Exercise brief. Leaving out every picture, copy the lines of the data exactly, from the first through the line containing "14k TT Yellow".

Dataset extract.
---*---
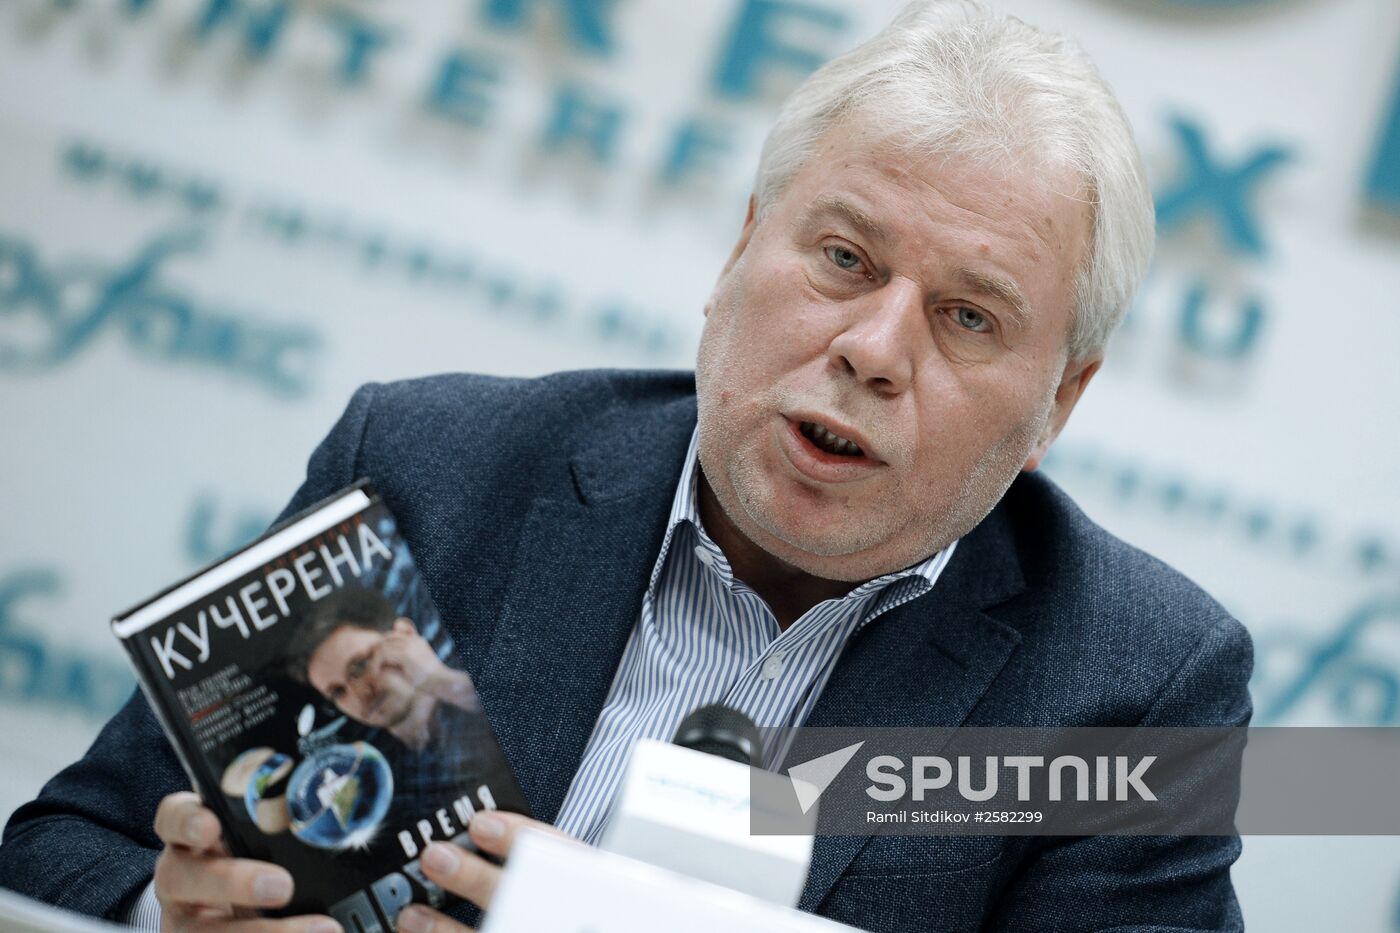 Presentation of Anatoly Kucheryona's book "Time of the Squid"
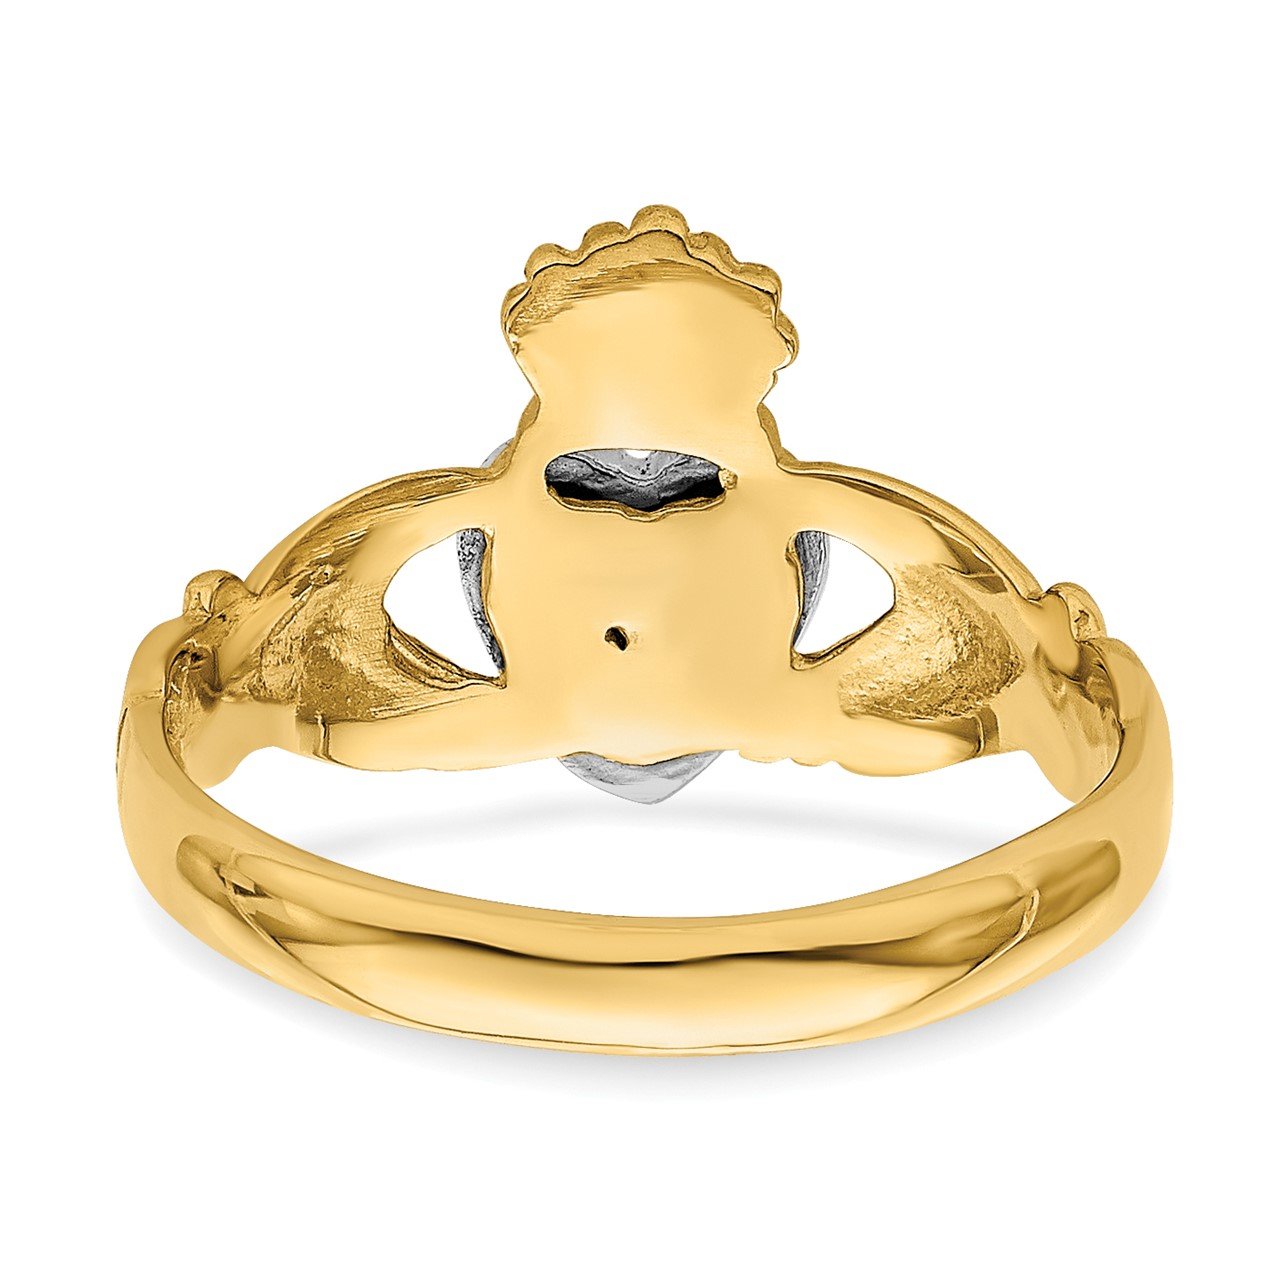 14k TT Yellow and White Gold Baby Claddagh Ring (Development)-5
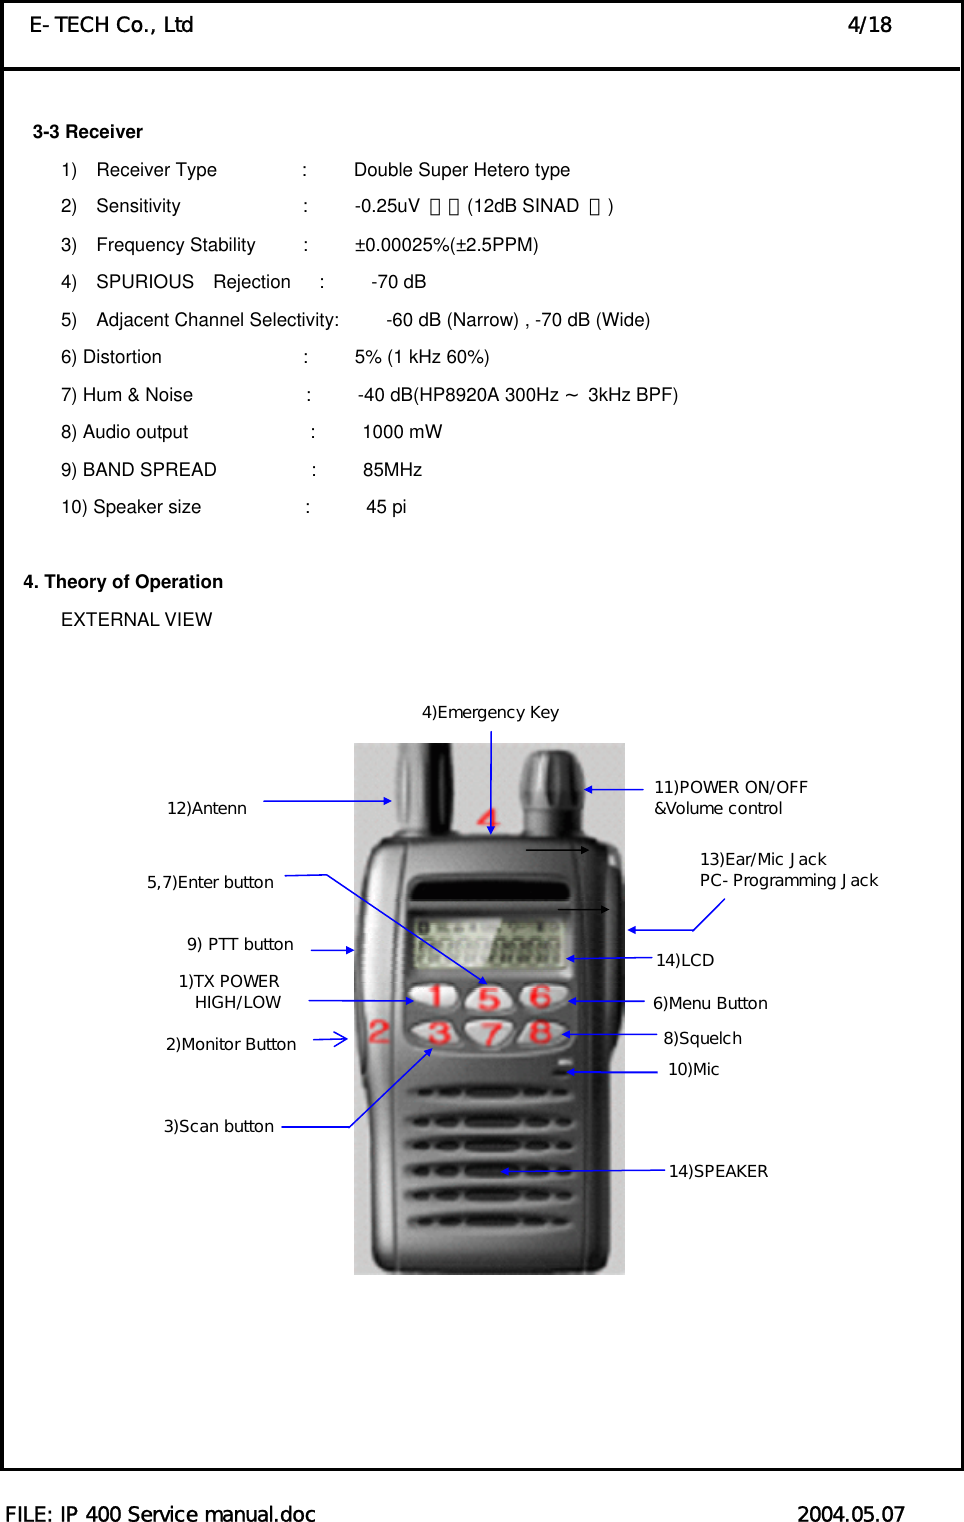  FILE: IP 400 Service manual.doc                                               2004.05.07 E-TECH Co., Ltd                                                                4/18    3-3 Receiver       1)  Receiver Type         :     Double Super Hetero type       2)  Sensitivity             :     -0.25uV 이하(12dB SINAD  시)       3)  Frequency Stability     :     ±0.00025%(±2.5PPM)       4)  SPURIOUS  Rejection   :     -70 dB       5)  Adjacent Channel Selectivity:     -60 dB (Narrow) , -70 dB (Wide)       6) Distortion               :     5% (1 kHz 60%)       7) Hum &amp; Noise            :     -40 dB(HP8920A 300Hz   3kHz ～BPF)       8) Audio output             :     1000 mW       9) BAND SPREAD          :     85MHz       10) Speaker size           :      45 pi  4. Theory of Operation EXTERNAL VIEW          12)Antenn4)Emergency Key9) PTT button 10)Mic2)Monitor Button 14)LCD1)TX POWER HIGH/LOW 3)Scan button 8)Squelch 6)Menu Button 11)POWER ON/OFF &amp;Volume control 13)Ear/Mic Jack PC-Programming Jack 14)SPEAKER 5,7)Enter button
---*---
Worked solution.
 Presentation of Anatoly Kucheryona's book "Time of the Squid"
 14k TT Yellow and White Gold Baby Claddagh Ring (Development)-5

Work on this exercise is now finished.